Prompt:
Every line from the one holding "Довгаль Володимир Володимирович" through the one holding "d735566ccccfe camiseta regata" in the data below must be returned exactly, both ends included, with pictures left out and nothing else added.

The data:

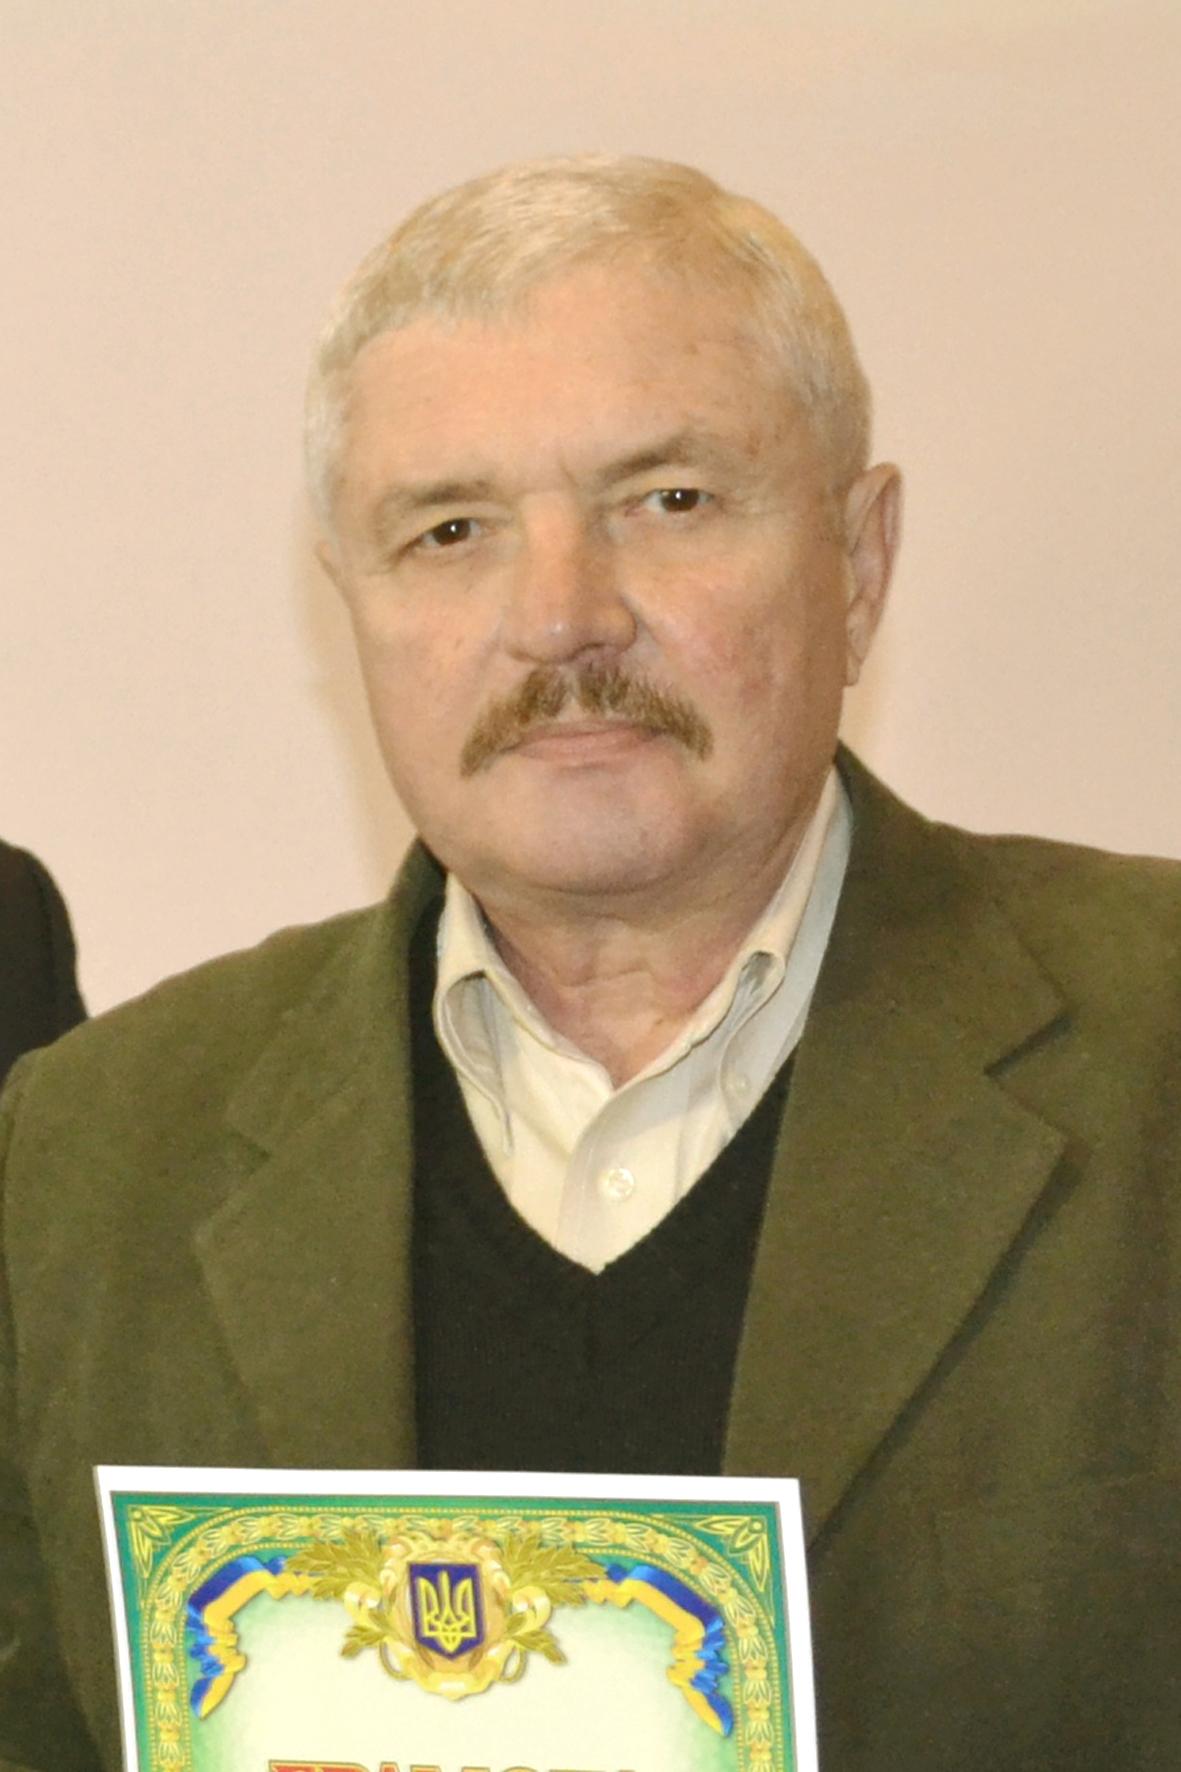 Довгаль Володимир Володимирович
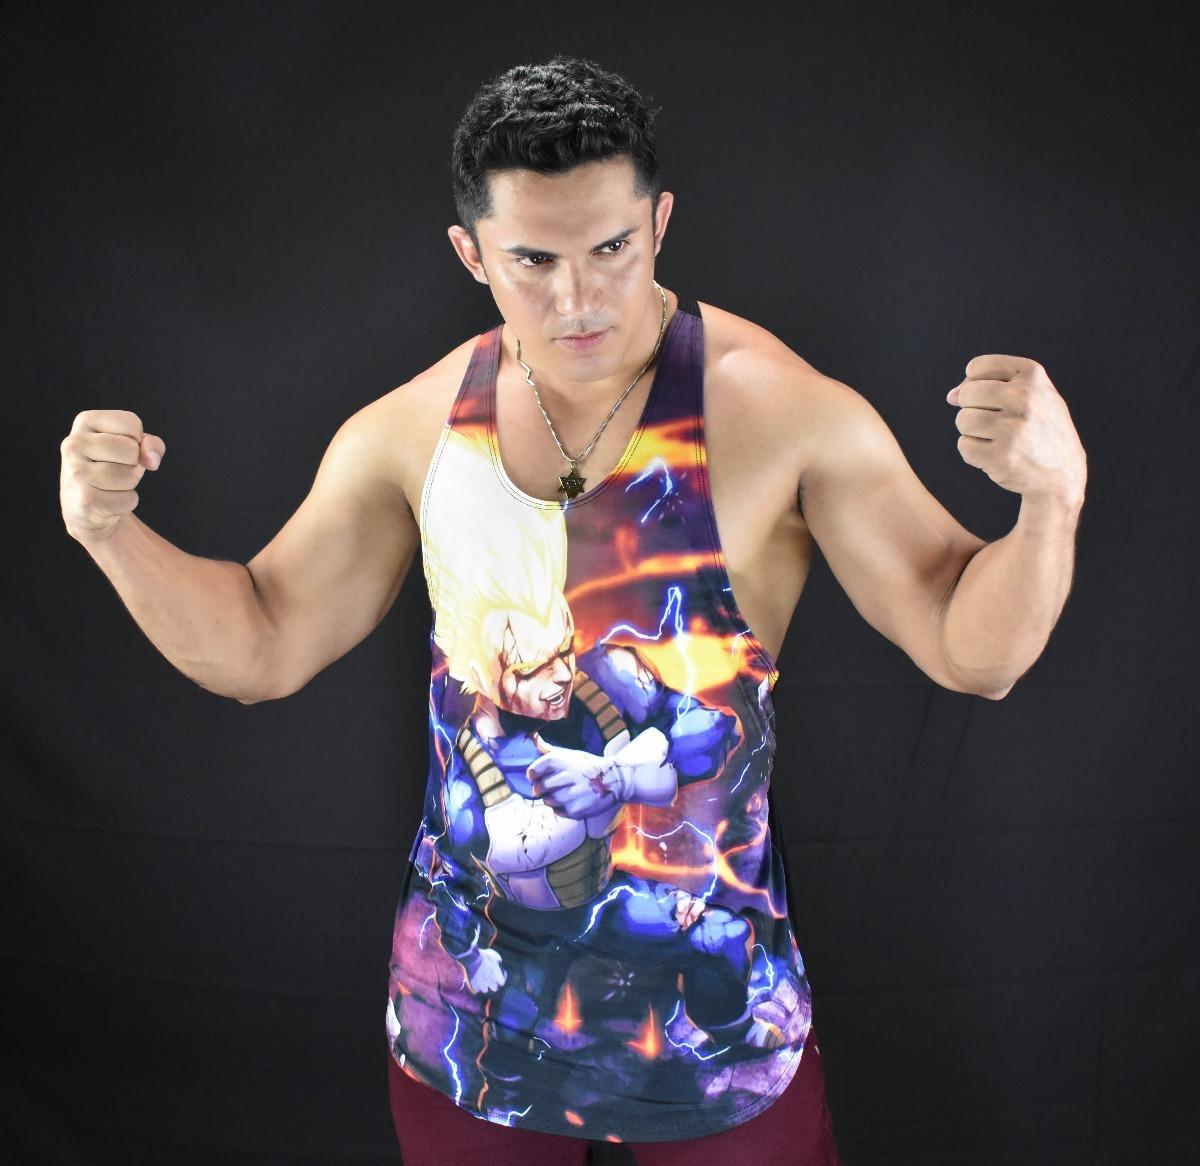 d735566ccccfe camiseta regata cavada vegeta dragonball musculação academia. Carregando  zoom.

--

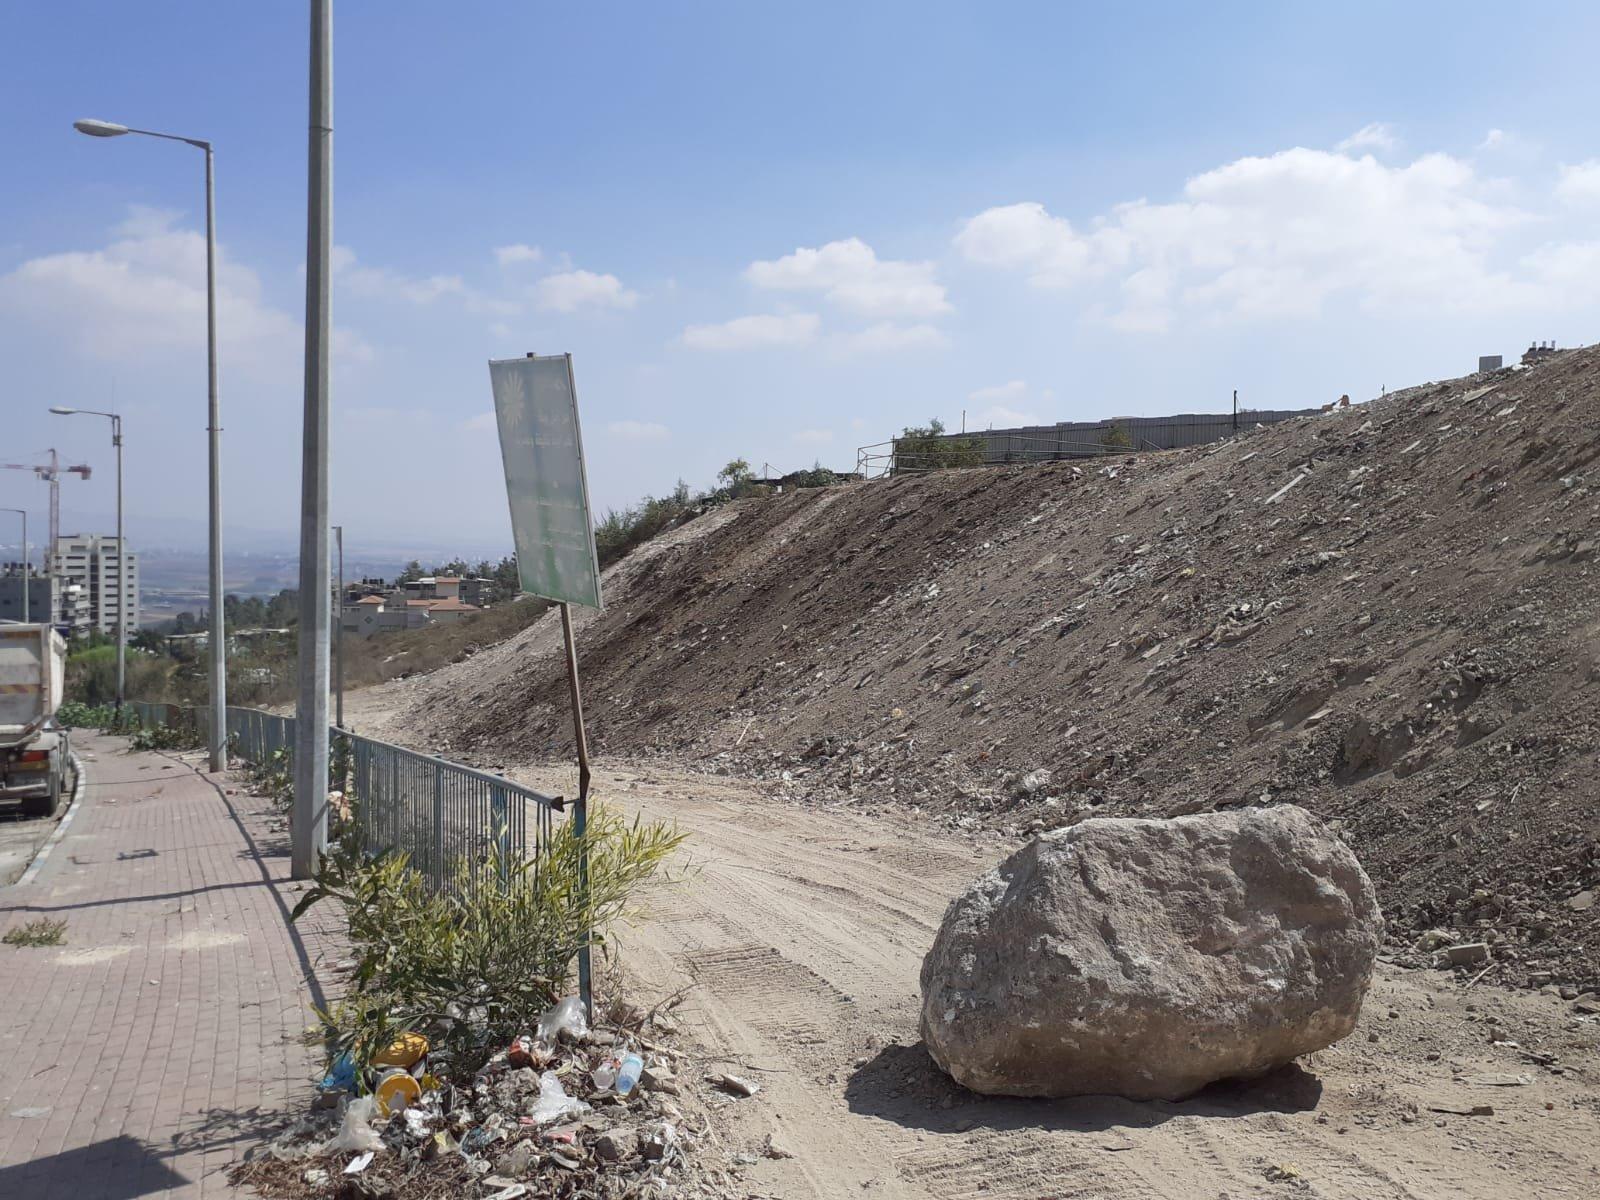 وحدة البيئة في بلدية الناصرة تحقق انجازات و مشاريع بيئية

--

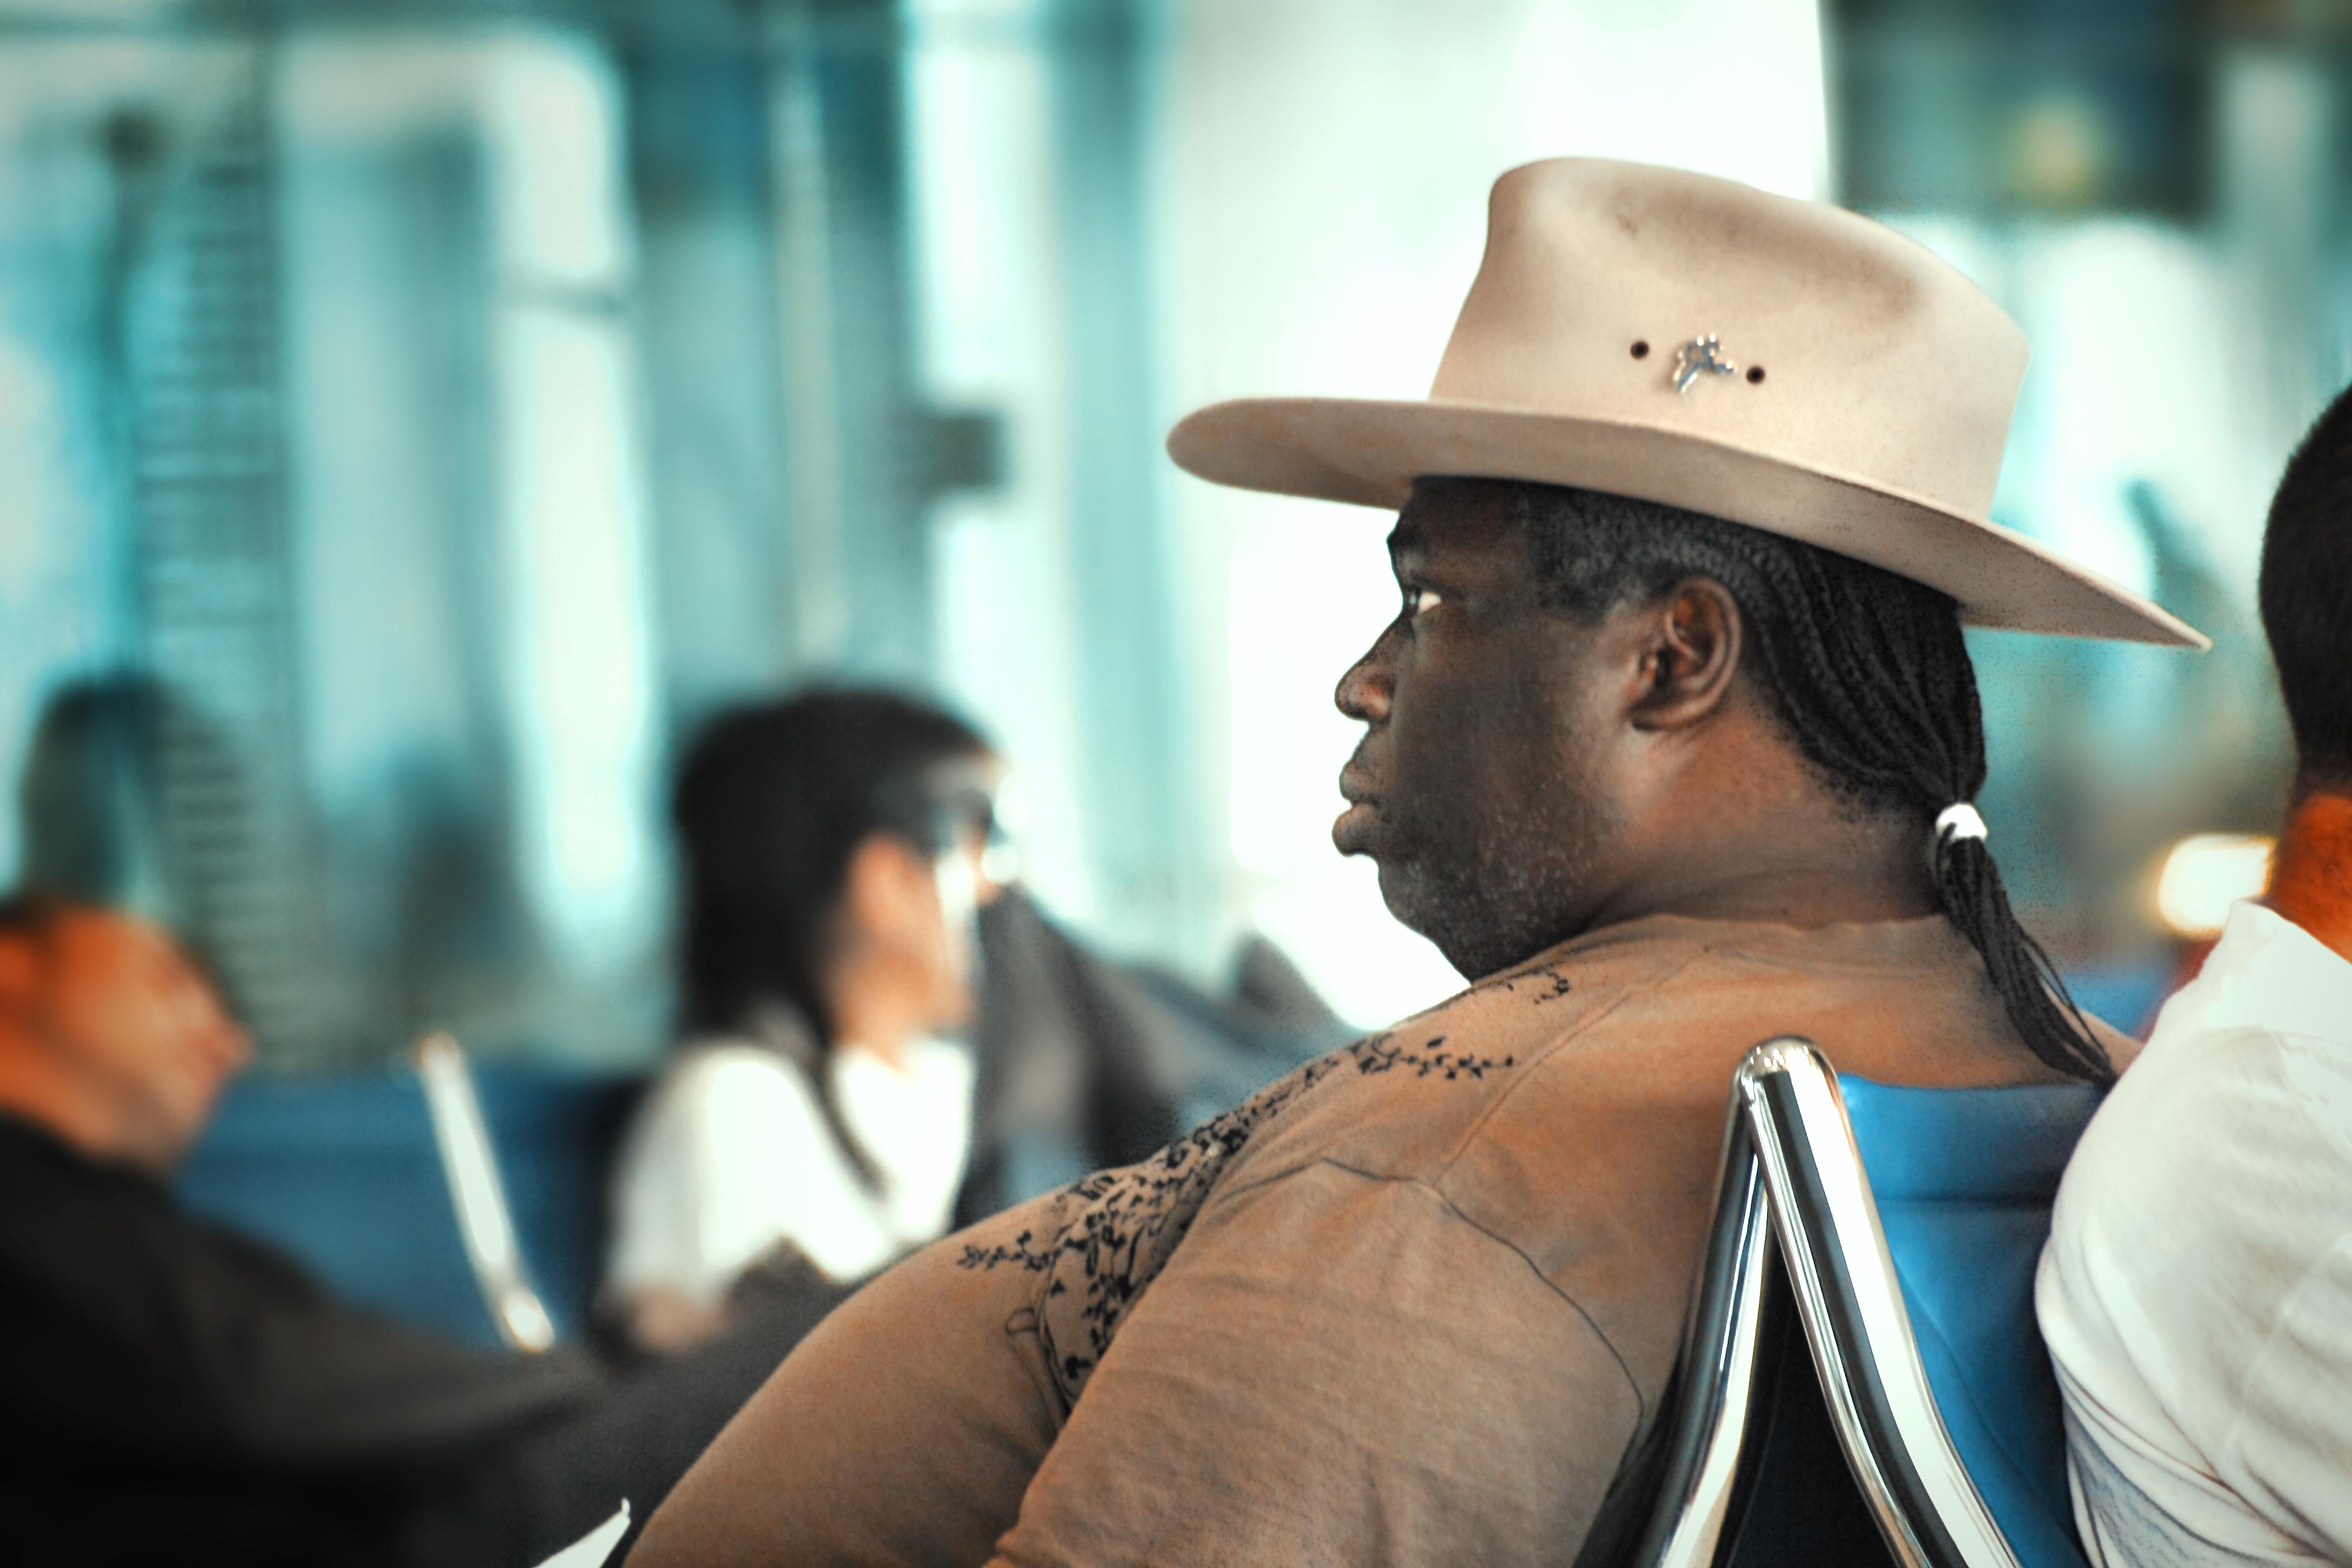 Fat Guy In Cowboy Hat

Task answer:
 Довгаль Володимир Володимирович
 d735566ccccfe camiseta regata cavada vegeta dragonball musculação academia. Carregando  zoom.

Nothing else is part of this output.